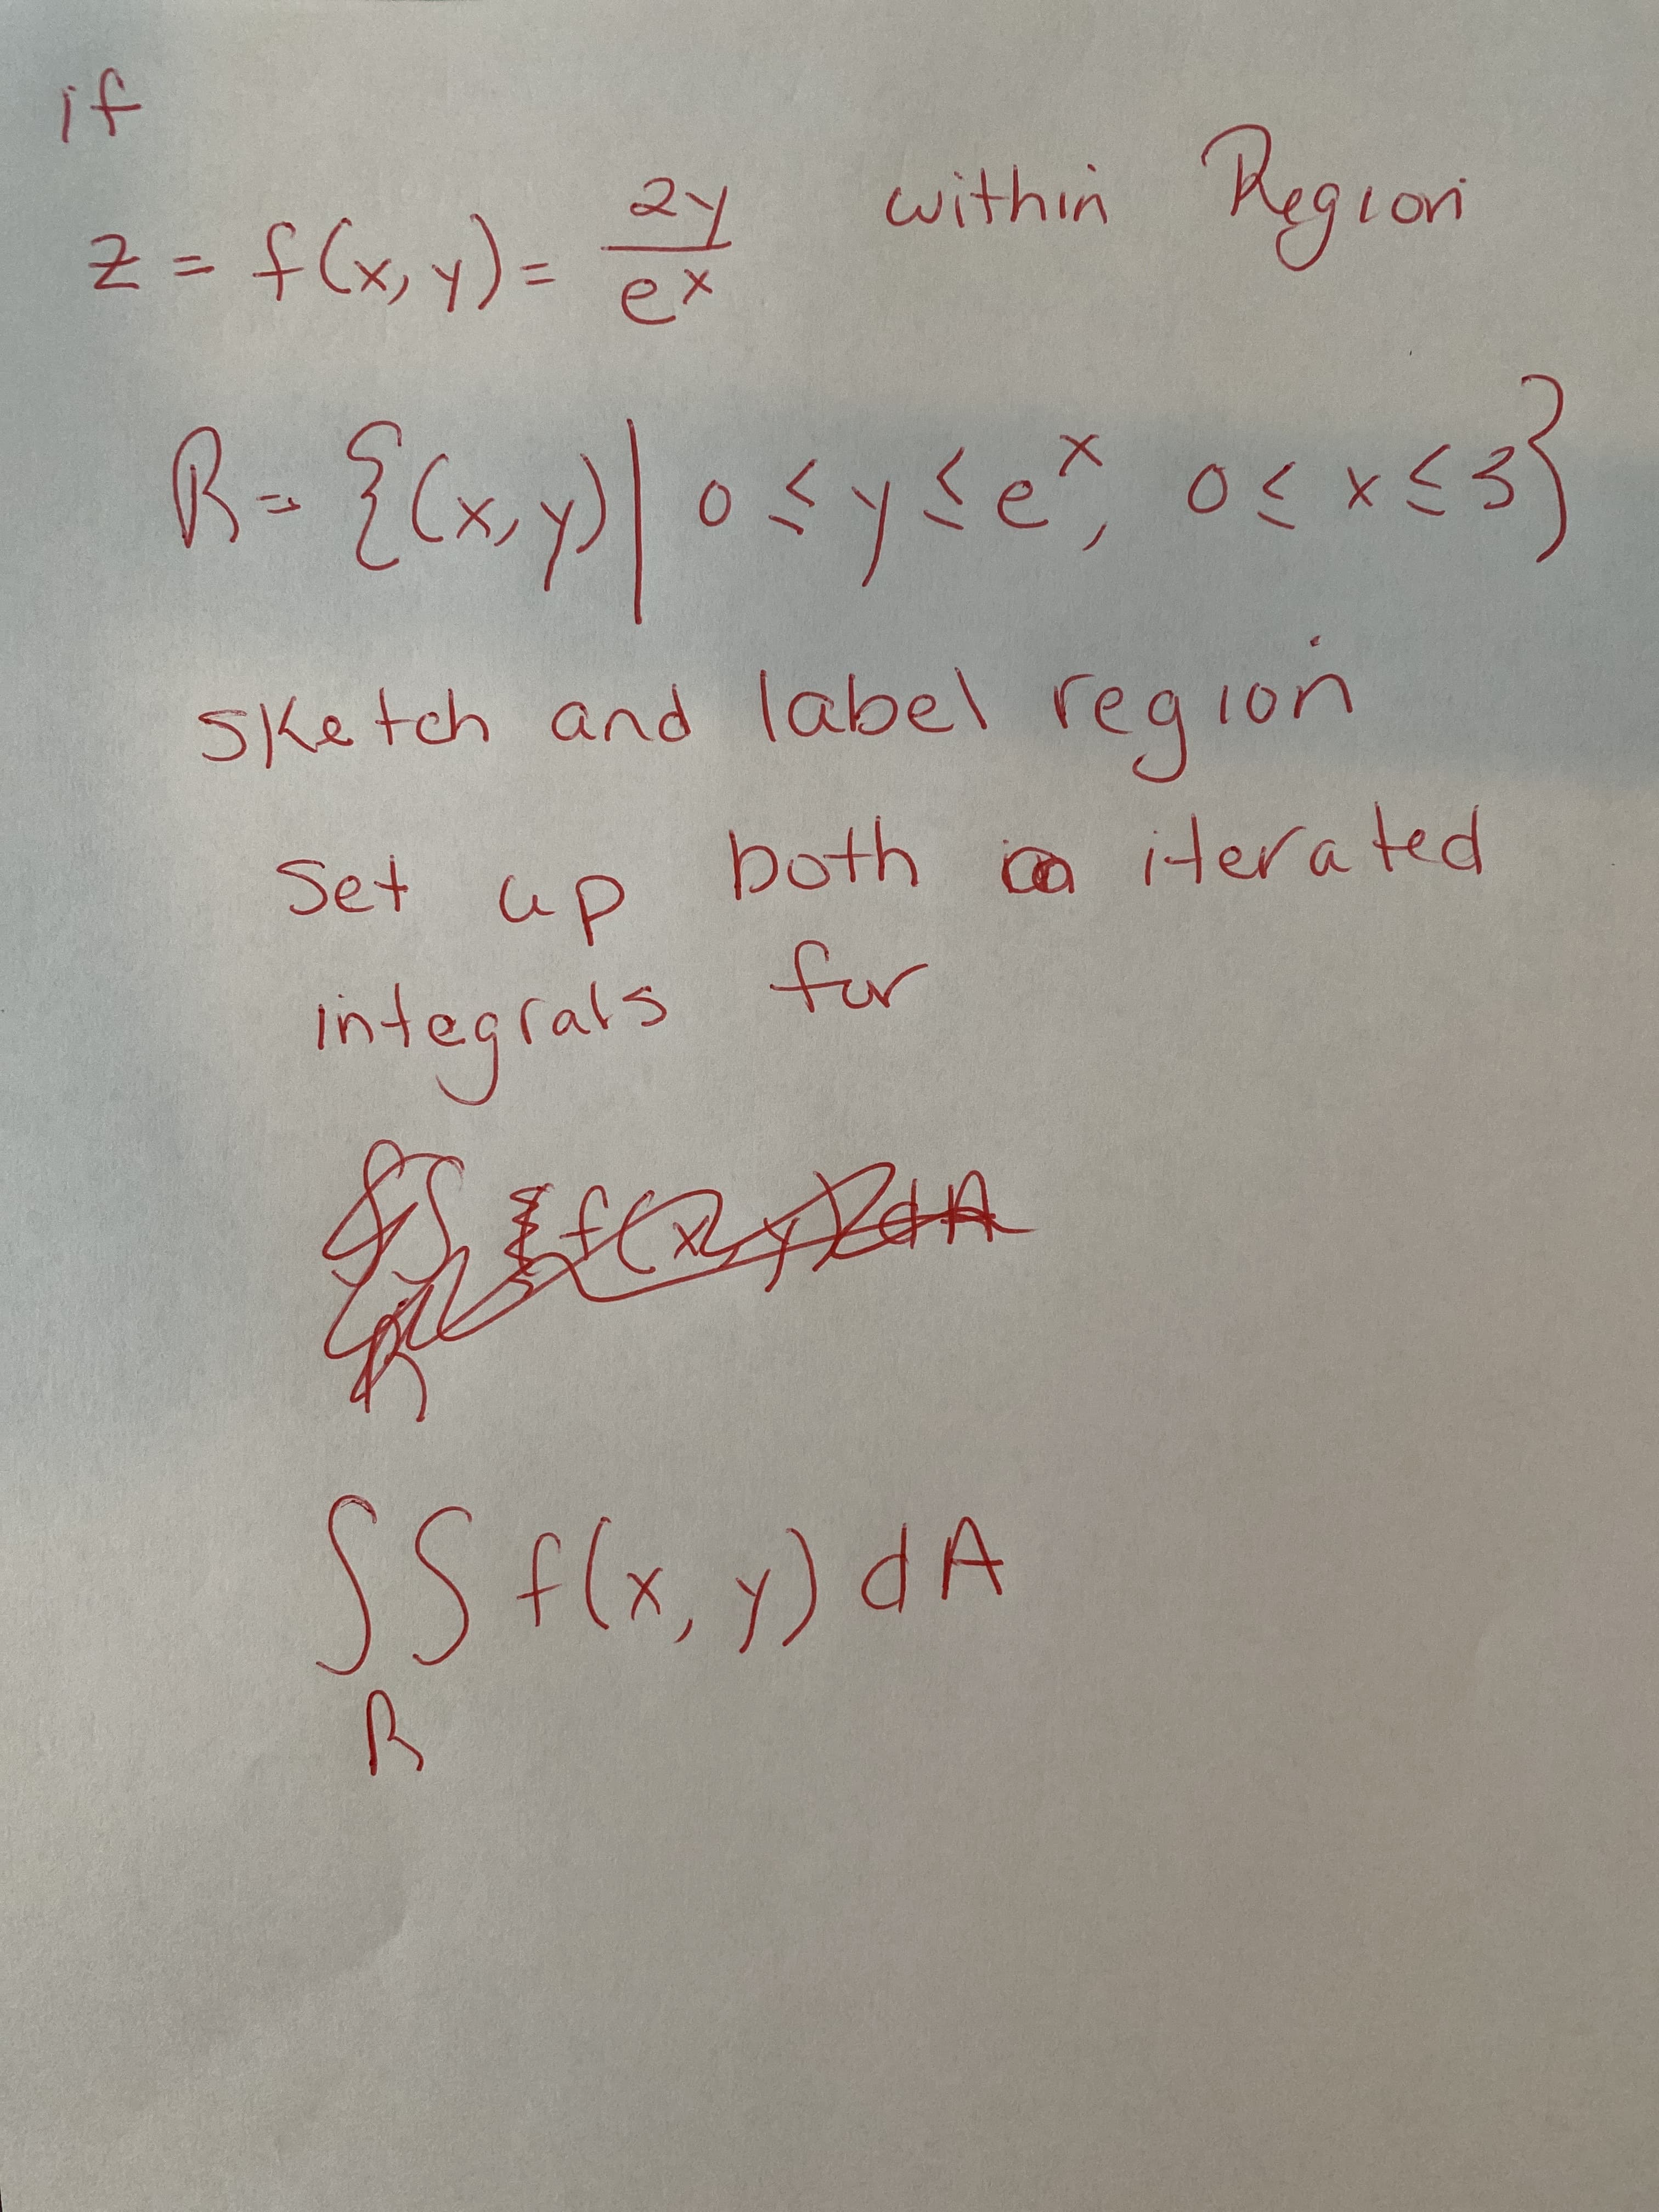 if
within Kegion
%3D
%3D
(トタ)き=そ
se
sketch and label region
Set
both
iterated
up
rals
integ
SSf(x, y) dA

--

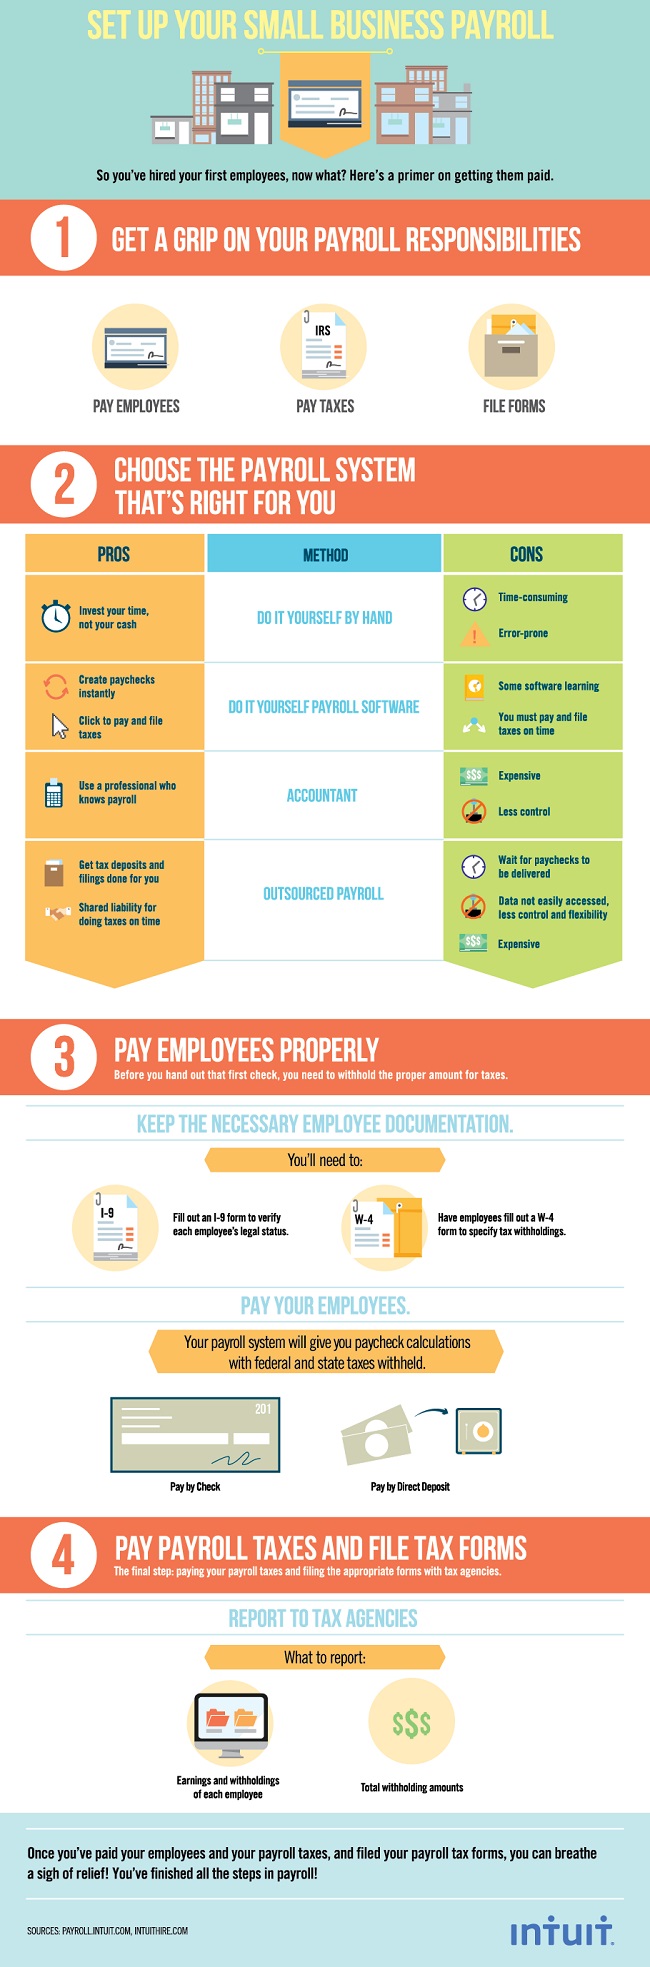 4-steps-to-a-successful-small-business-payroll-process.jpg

--

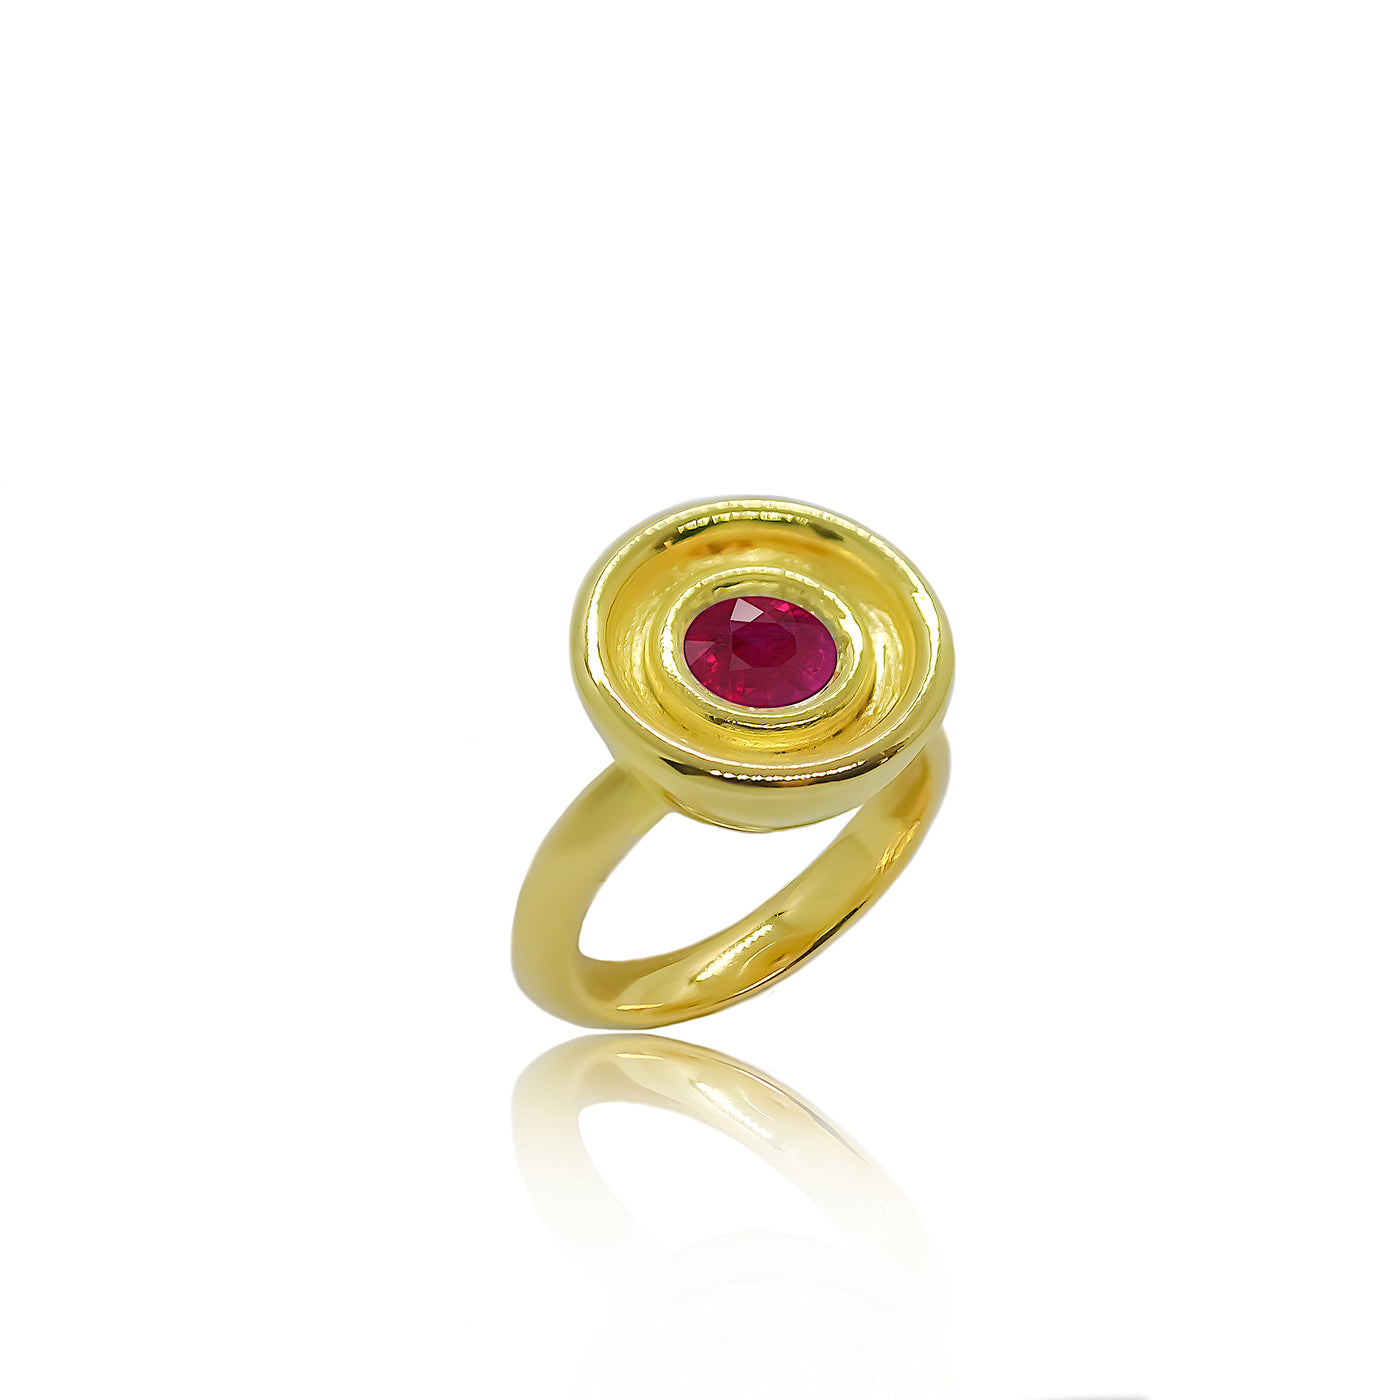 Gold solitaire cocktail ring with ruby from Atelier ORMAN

(REQUIRED ACTION) Output the lines of the records above exactly as they appear, from the line containing "within Kegion" through the line containing "SSf(x, y) dA".

(OUTPUT BELOW)
within Kegion
%3D
%3D
(トタ)き=そ
se
sketch and label region
Set
both
iterated
up
rals
integ
SSf(x, y) dA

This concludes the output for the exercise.